Is it any wonder that two administrations have failed to overhaul our immigration laws? And into the breach have come, one by one, the states—Arizona, Alabama, and Georgia leading the assault—seeking not to overhaul immigration laws but to overturn civil liberties. The Department of Justice, its offensive against immigrant criminals and labor violators having failed to impress, has been playing defense, catch-up, finger-in-the-dike.

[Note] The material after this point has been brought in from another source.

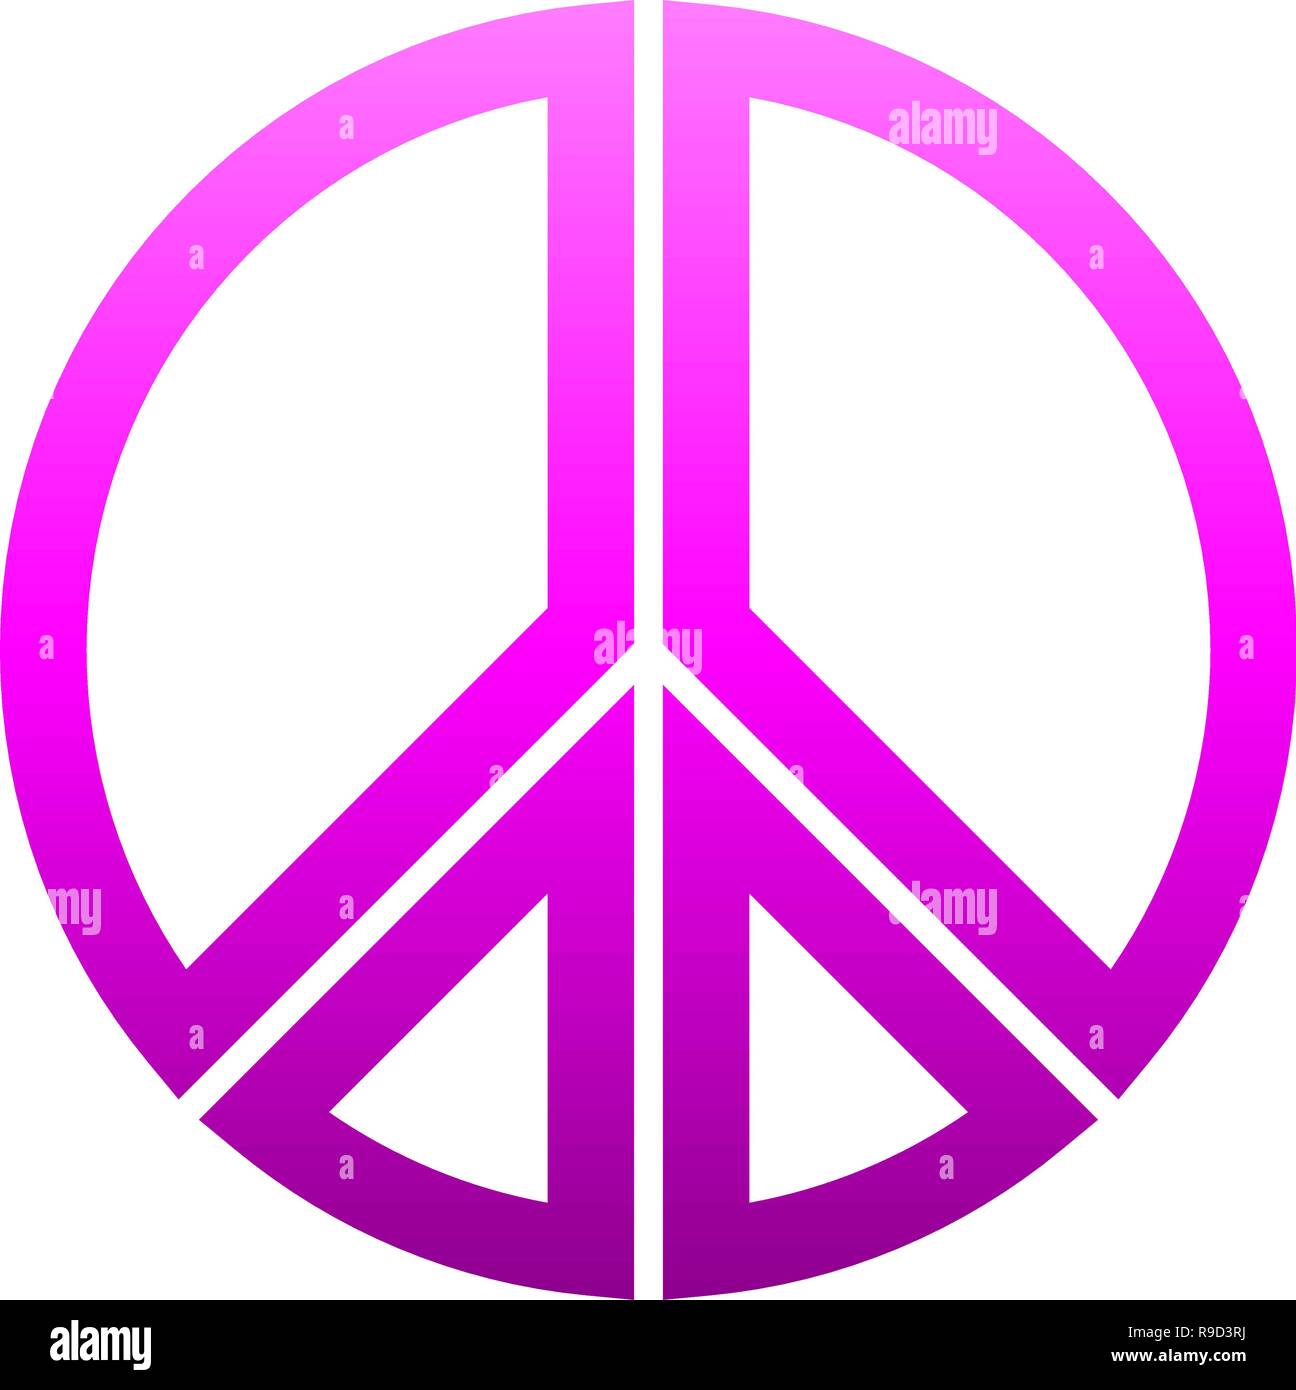 Simbolo di pace icona - viola gradiente semplice, segmentato di forme con contorni, isolato - illustrazione vettoriale Illustrazione Vettoriale

So now it’s the Statue of Liberty, rather than the Immigration Service, that is getting an overhaul. Like many a woman of a certain age, she’s insecure, as she awaits reinforced stairways and fireproof elevators. They’re feeling insecure, too, in Arizona, Alabama, and Georgia; from those states, the skies and the seas and the deserts seem to be no longer full of promise, but rather full of interlopers, terrorists, pirates. The technologies that make our world smaller also make our eyes sharper and more watchful; the lives of immigrants, once they are through our airports and in our communities, are in focus as never before. Insecurity is what makes Hispanic parents in Alabama keep their children home from school, and onion pickers in Georgia pull up stakes and head for the Carolinas. And when resources are limited, even generous spirits become mean and unwelcoming.

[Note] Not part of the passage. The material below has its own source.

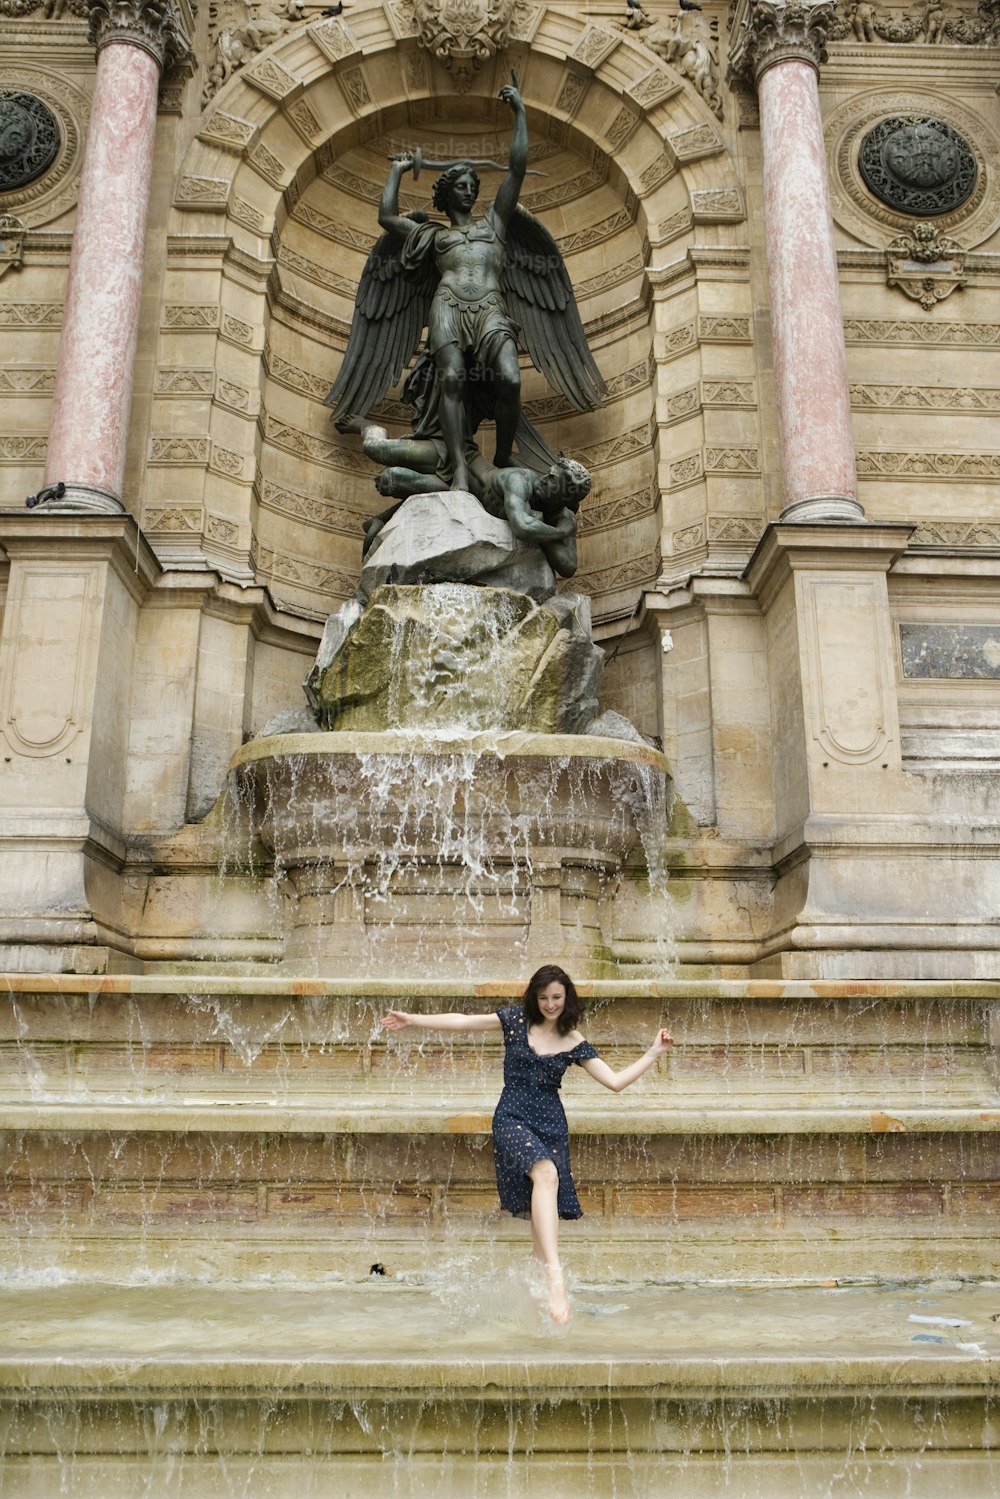 Une femme pose devant une fontaine

Writing her sonnet in 1883, Lazarus knew, even before the statue was erected, that the controversies around immigration would always be with us: Whom do we need? Whom can we tolerate? How do they become Americans? Who are we—as individuals, as municipalities, as states, and as a nation—when we ask these questions? Perhaps she knew, in the way poets sometimes do, that Uncle Sam would never be good at answering them. But thanks to Emma Lazarus, the “Mother of Exiles” supplies the best answer we may ever have, lifting her torch high above states and cities, to welcome exiles, dreamers, and all the hapless Chy Lungs of the world.